> [Task statement]
When you reach a picture, skip it, and retype every line below exactly.

> [Dataset content]
╔══

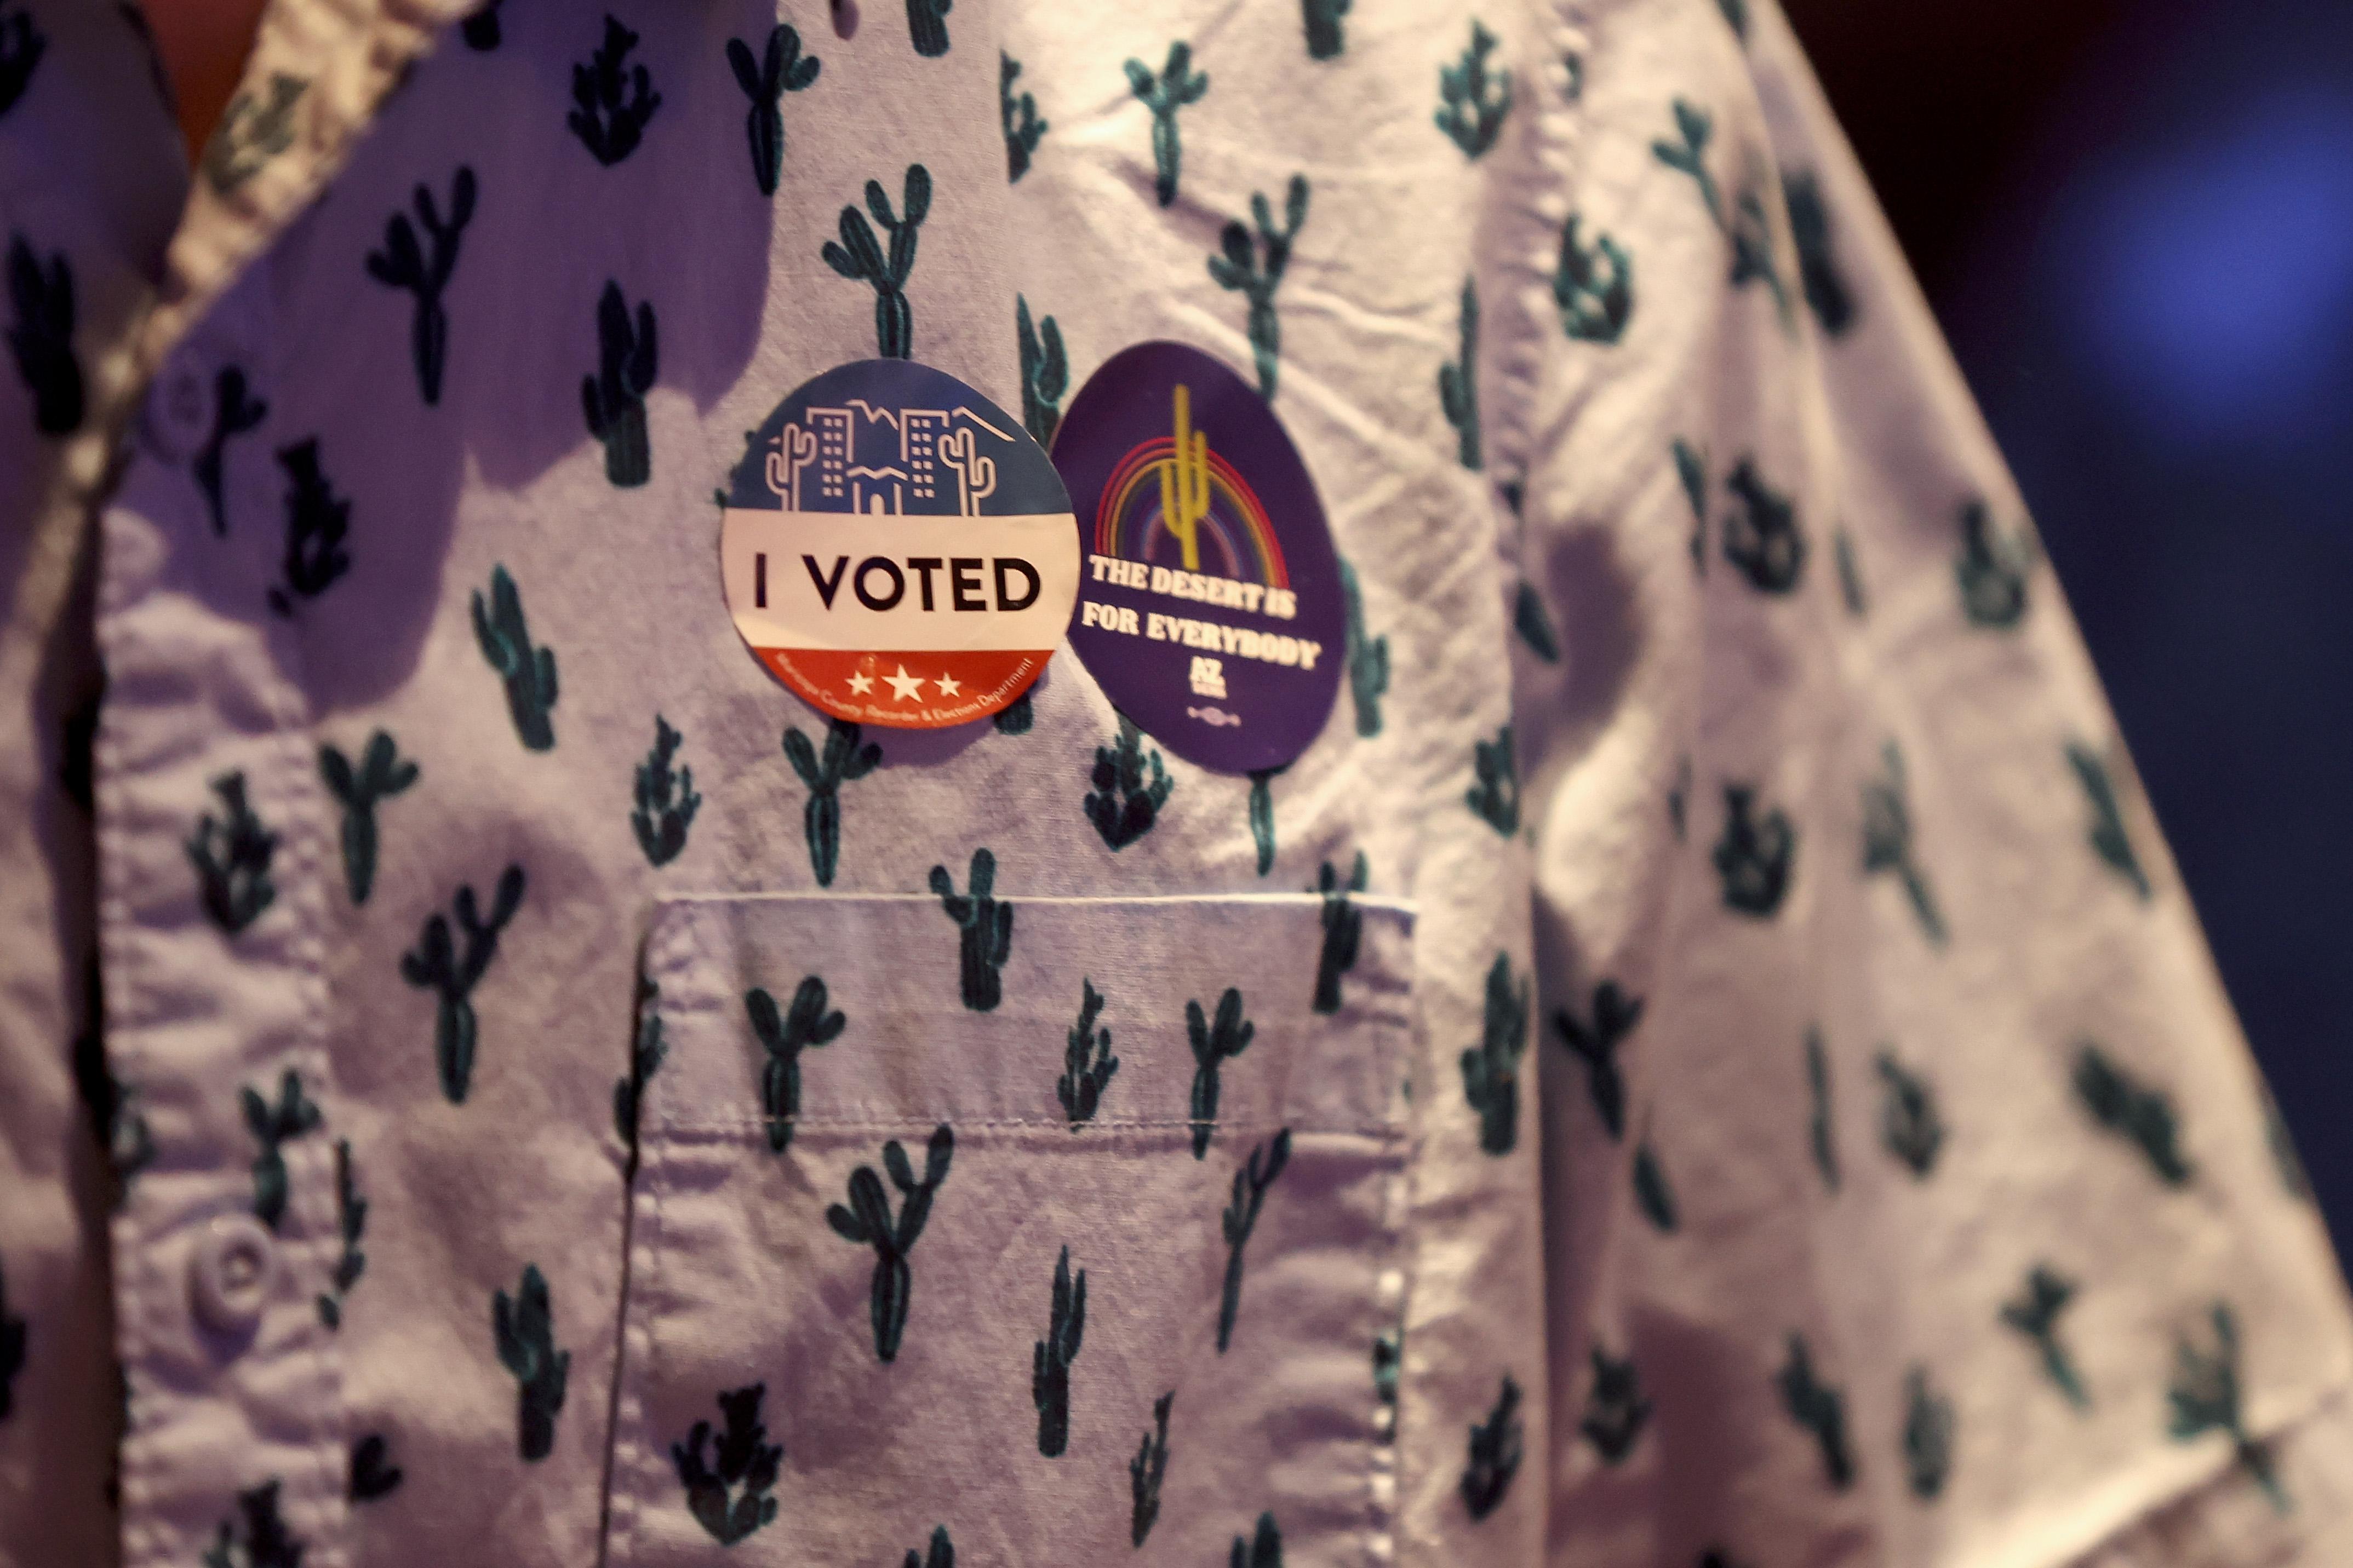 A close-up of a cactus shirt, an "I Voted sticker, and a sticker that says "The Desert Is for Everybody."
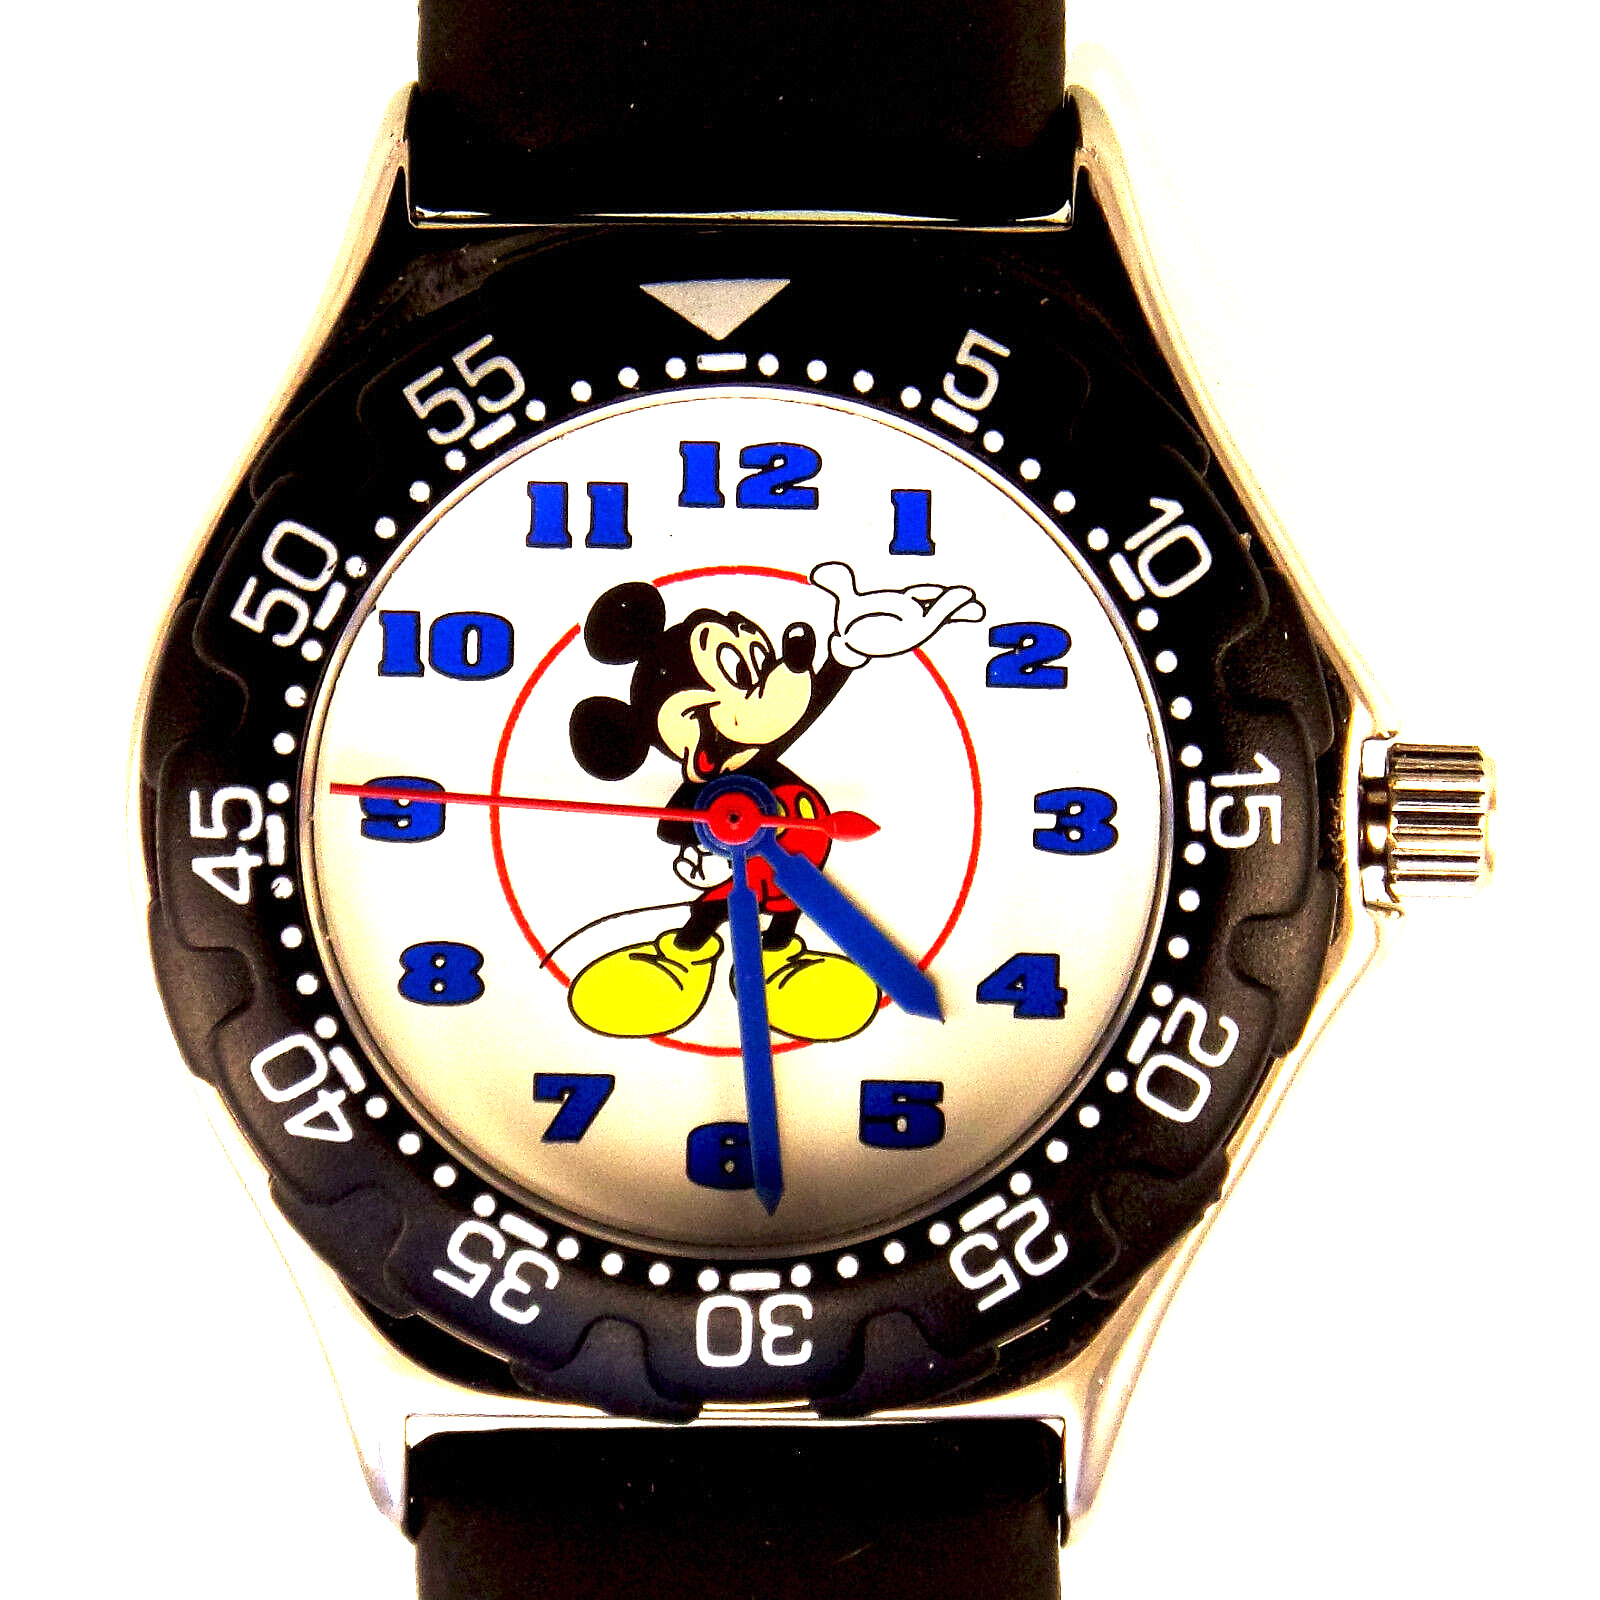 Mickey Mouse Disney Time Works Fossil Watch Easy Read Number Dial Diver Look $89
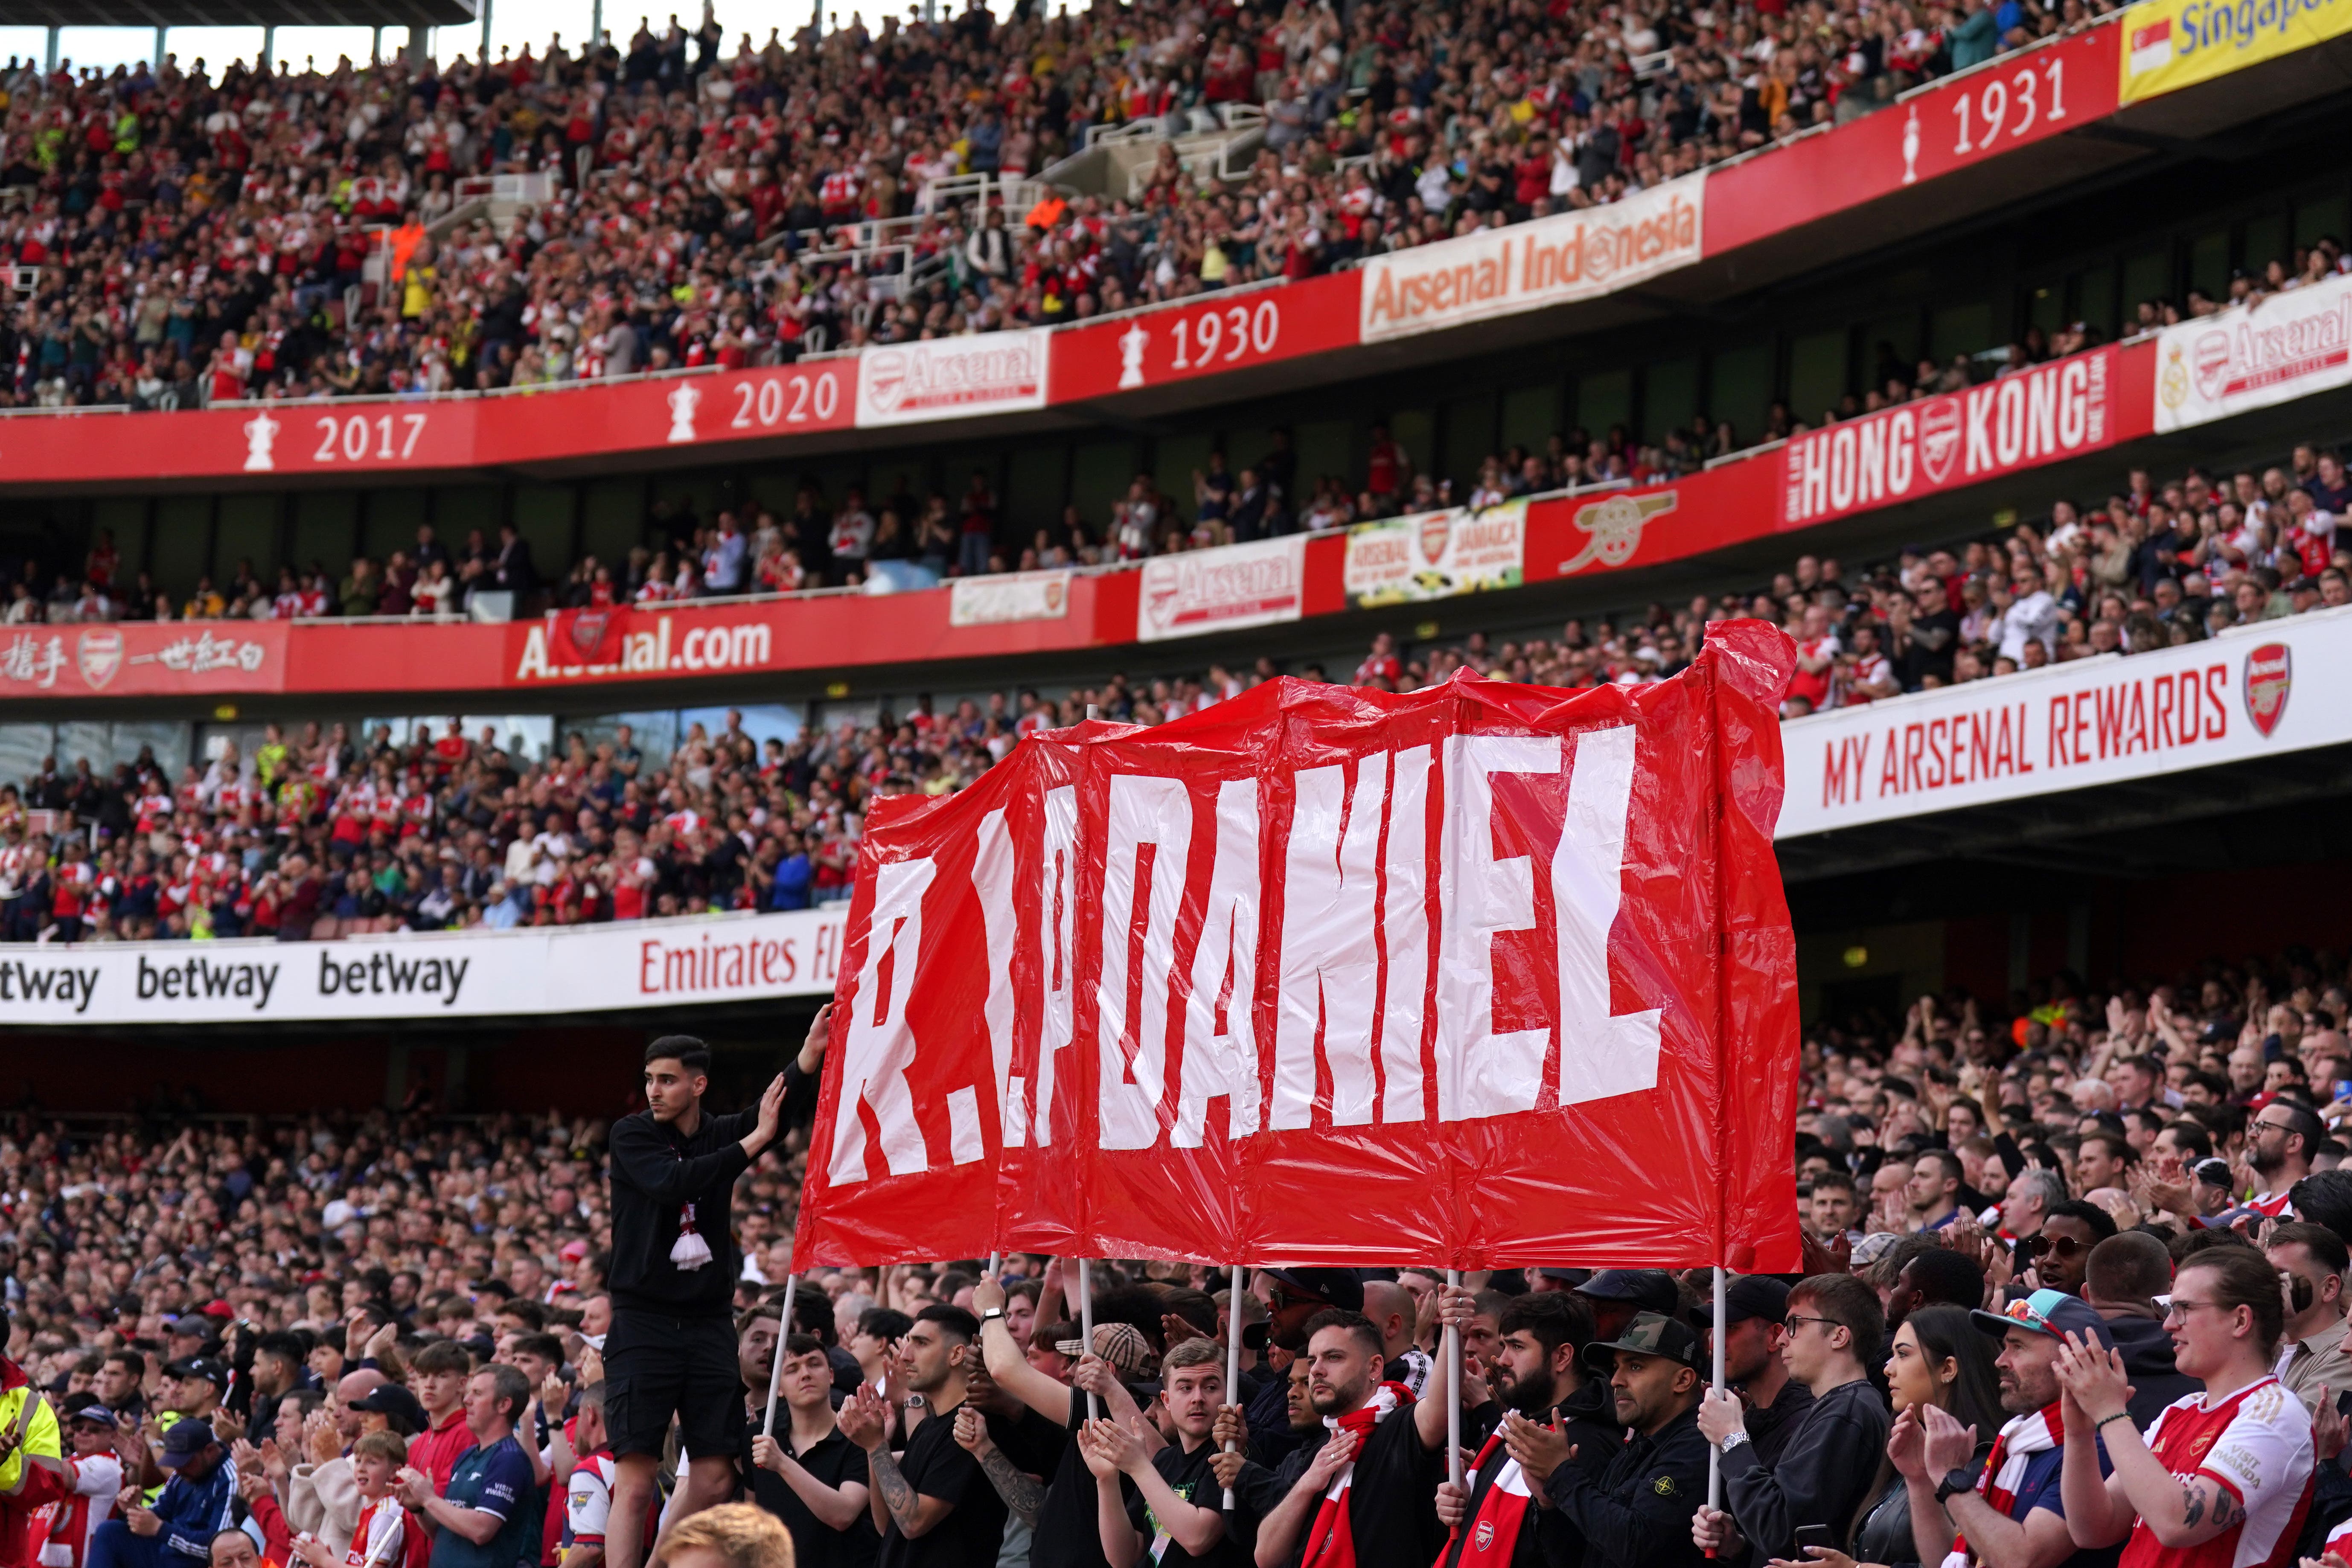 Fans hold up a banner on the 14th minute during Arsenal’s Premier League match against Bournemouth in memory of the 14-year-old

╚══

> [Answer to this problem]
 A close-up of a cactus shirt, an "I Voted sticker, and a sticker that says "The Desert Is for Everybody."
 Mickey Mouse Disney Time Works Fossil Watch Easy Read Number Dial Diver Look $89
 Fans hold up a banner on the 14th minute during Arsenal’s Premier League match against Bournemouth in memory of the 14-year-old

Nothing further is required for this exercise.